Task directions = The answer should hold every line of the listing, unchanged and free of images.
Supplied information below:
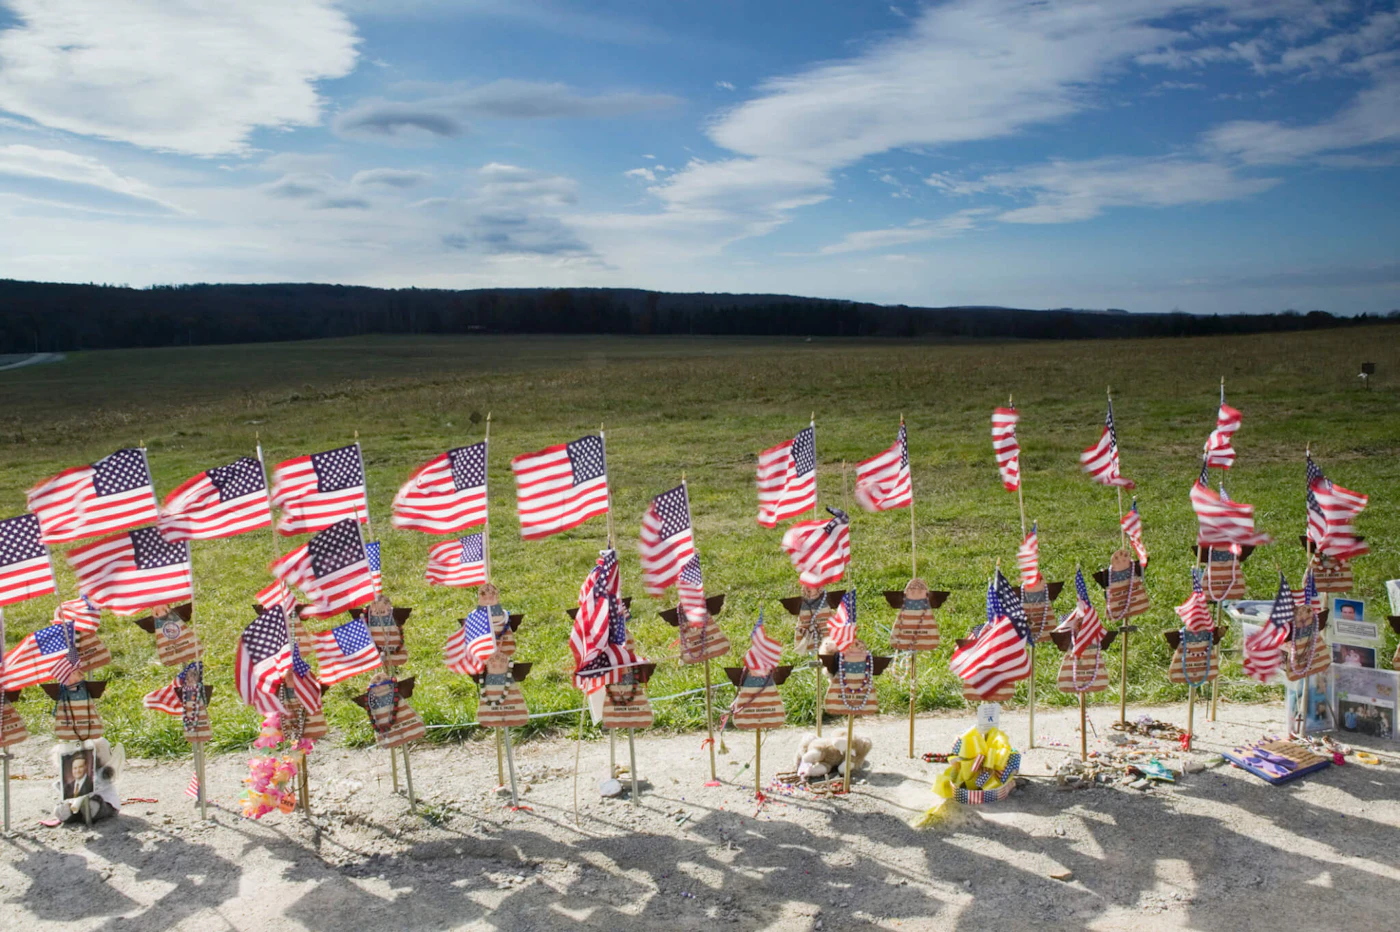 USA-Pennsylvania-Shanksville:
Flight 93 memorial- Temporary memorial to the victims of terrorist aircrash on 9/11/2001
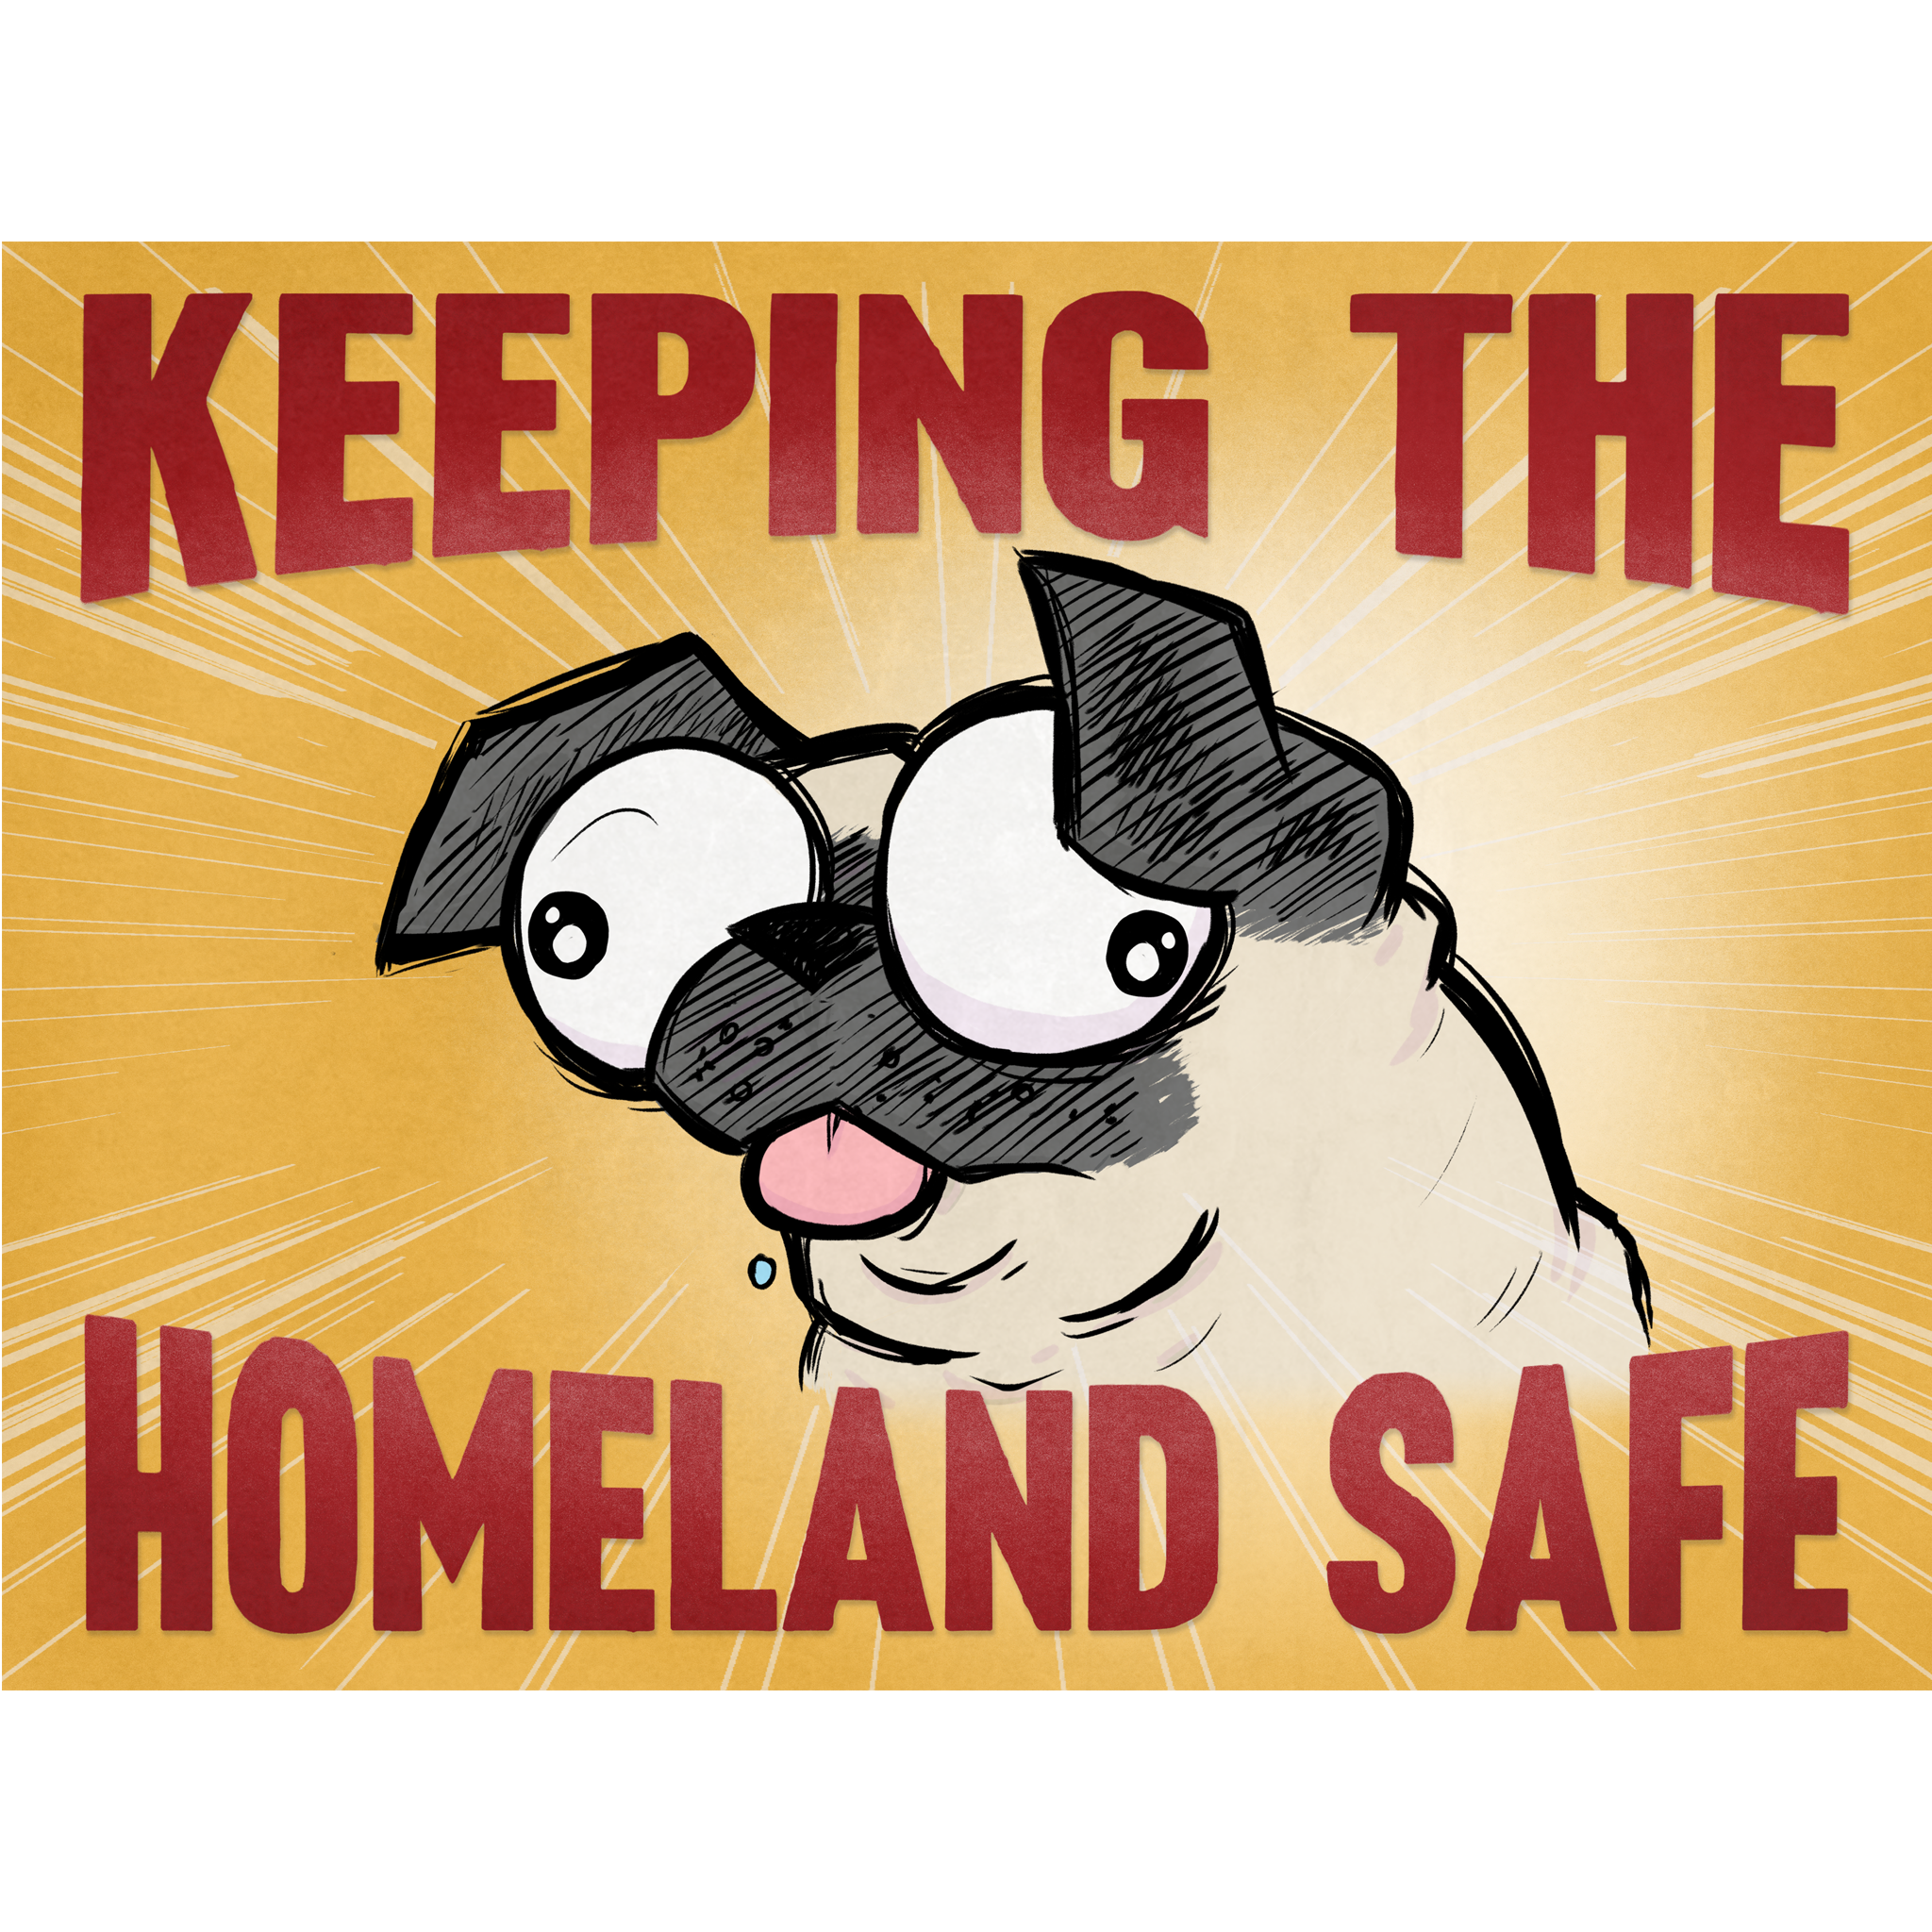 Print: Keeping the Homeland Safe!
End of Supplied information.
Expected answer =
 USA-Pennsylvania-Shanksville:
Flight 93 memorial- Temporary memorial to the victims of terrorist aircrash on 9/11/2001
 Print: Keeping the Homeland Safe!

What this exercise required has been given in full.